Líbano, trágico caleidoscopio de Oriente Próximo/ Gema Martín Muñoz*
Líbano ha sido siempre el laboratorio donde se reflejan las tensiones demográficas y confesionales de Oriente Próximo y el pequeño escenario en el que se ponen en juego todas las rivalidades locales e internacionales de la región. El trágico peaje de este ingrato destino lo ha pagado siempre -¡y de qué manera!- su población civil.

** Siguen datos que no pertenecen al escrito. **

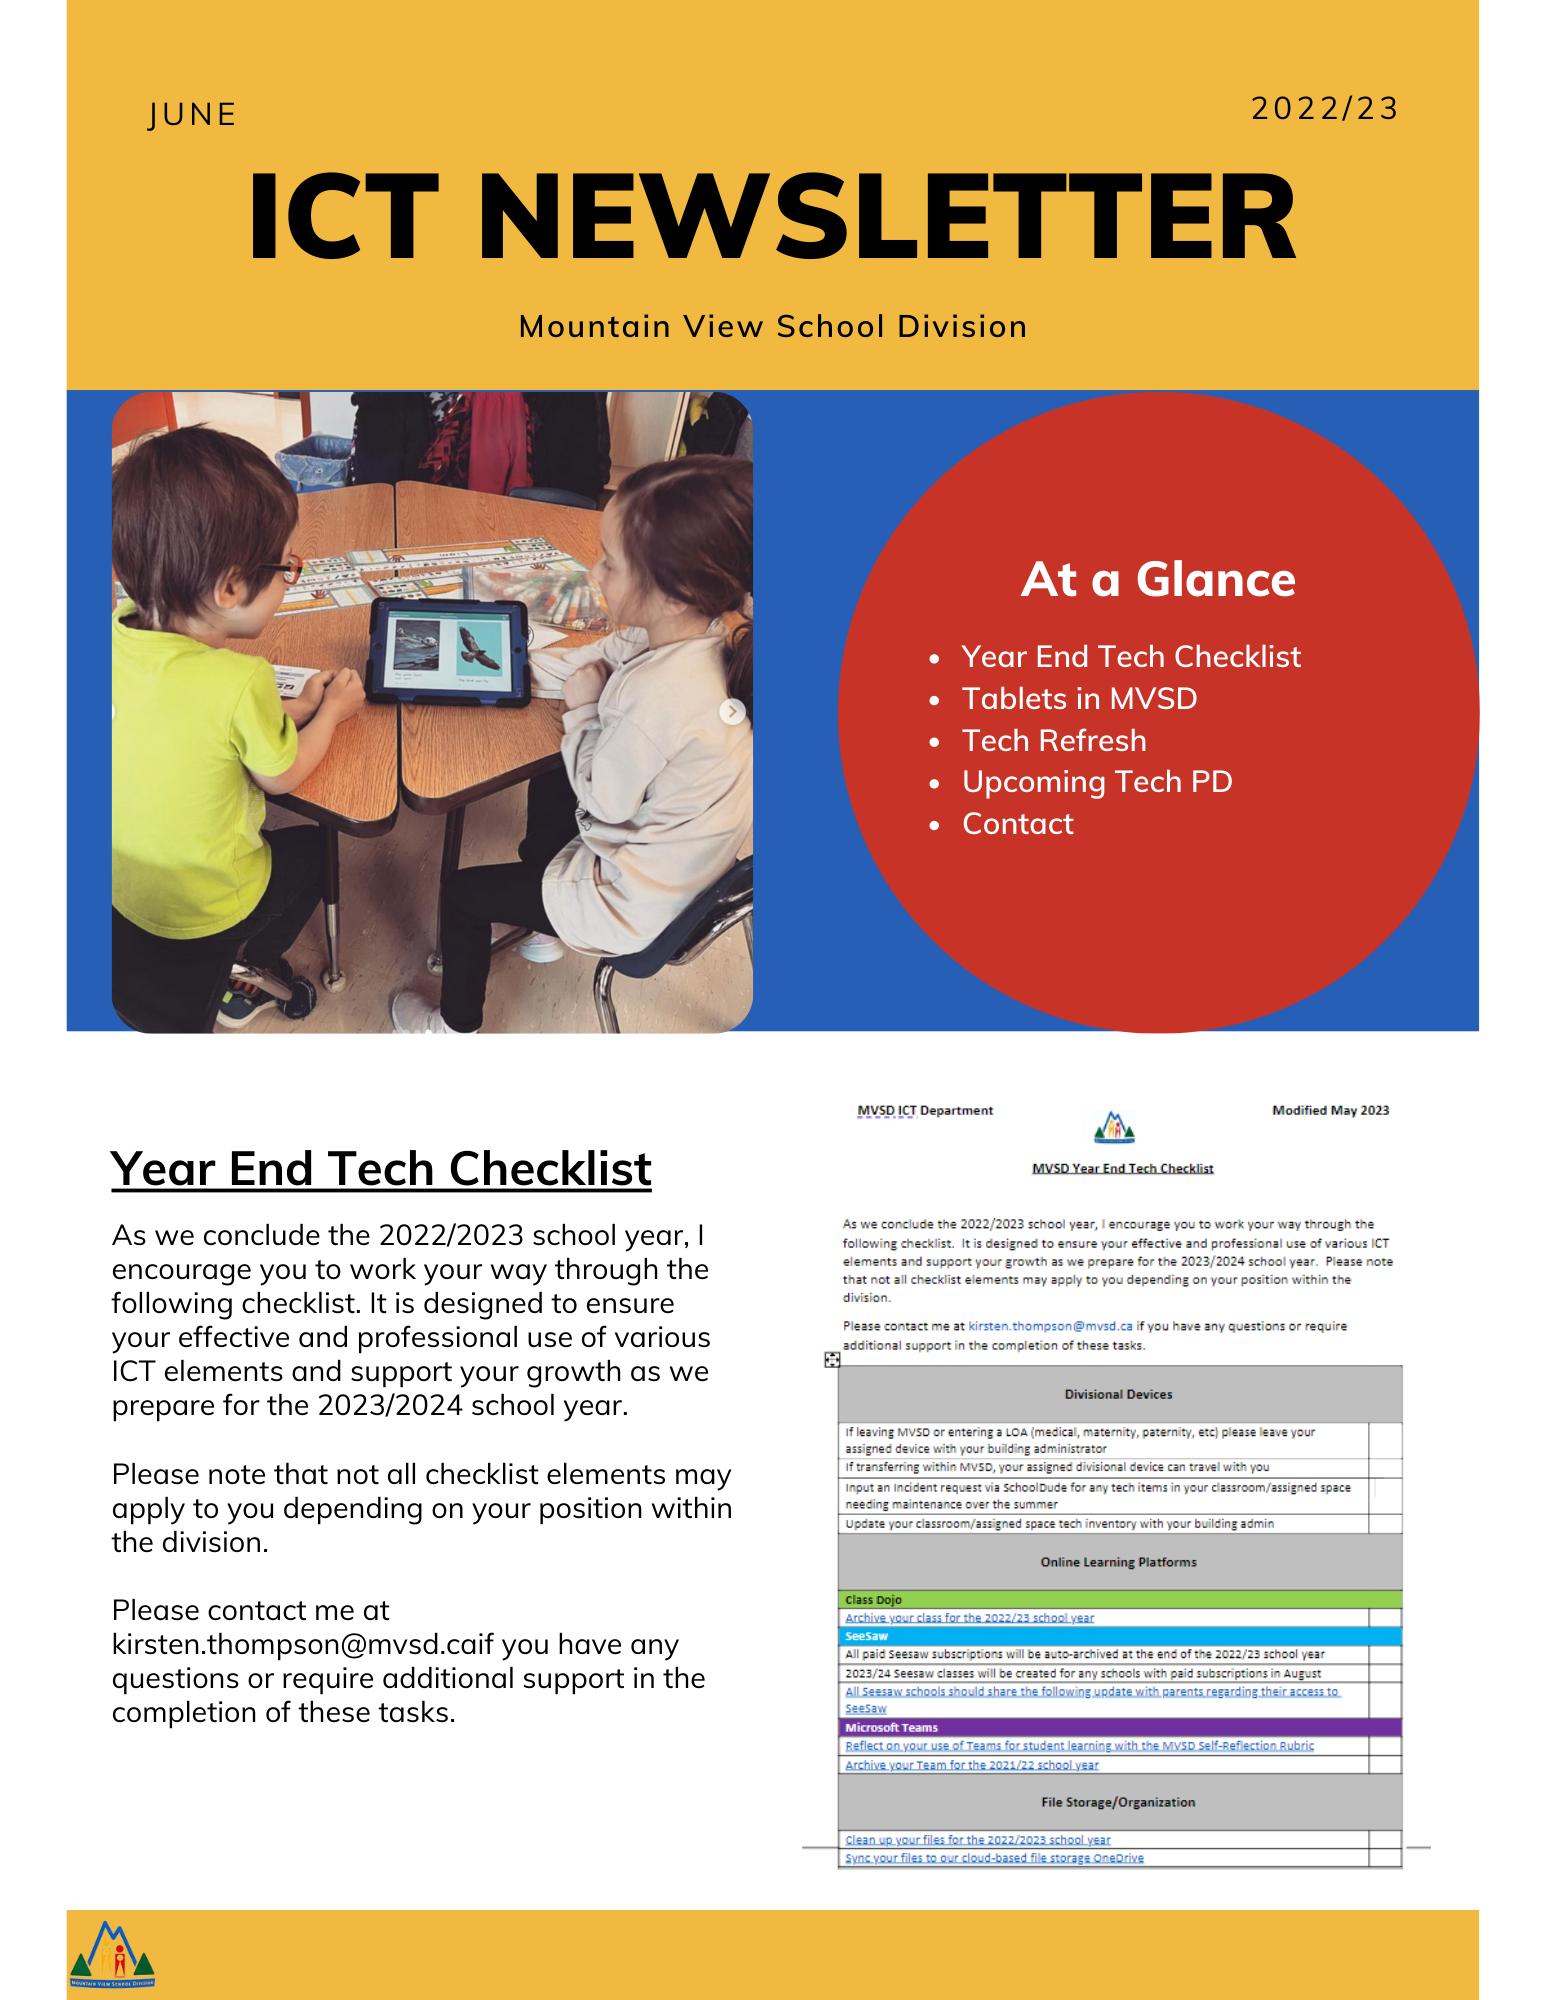 June ICT Newsletter

El análisis de la guerra actual desvela una profundidad estratégica y unos métodos para conseguir los fines que van más allá del acontecimiento puntual que aparentemente la ha desencadenado (la captura de dos soldados israelíes por Hezbolá, circunstancia nada nueva y que en tres ocasiones anteriores Israel había negociado). En su búsqueda por remodelar Oriente Próximo a su imagen y semejanza política, parece darse la confluencia israelí y estadounidense de emplear no importa qué nivel de acción militar, y sus correspondientes "daños colaterales", para destruir a los actores regionales hostiles a la clientelización de sus intereses. Éste es el caso de Hamás y de Hezbolá, como lo fue el de Sadam Husein y ahora lo es el de Muqtada al-Sadr en Irak.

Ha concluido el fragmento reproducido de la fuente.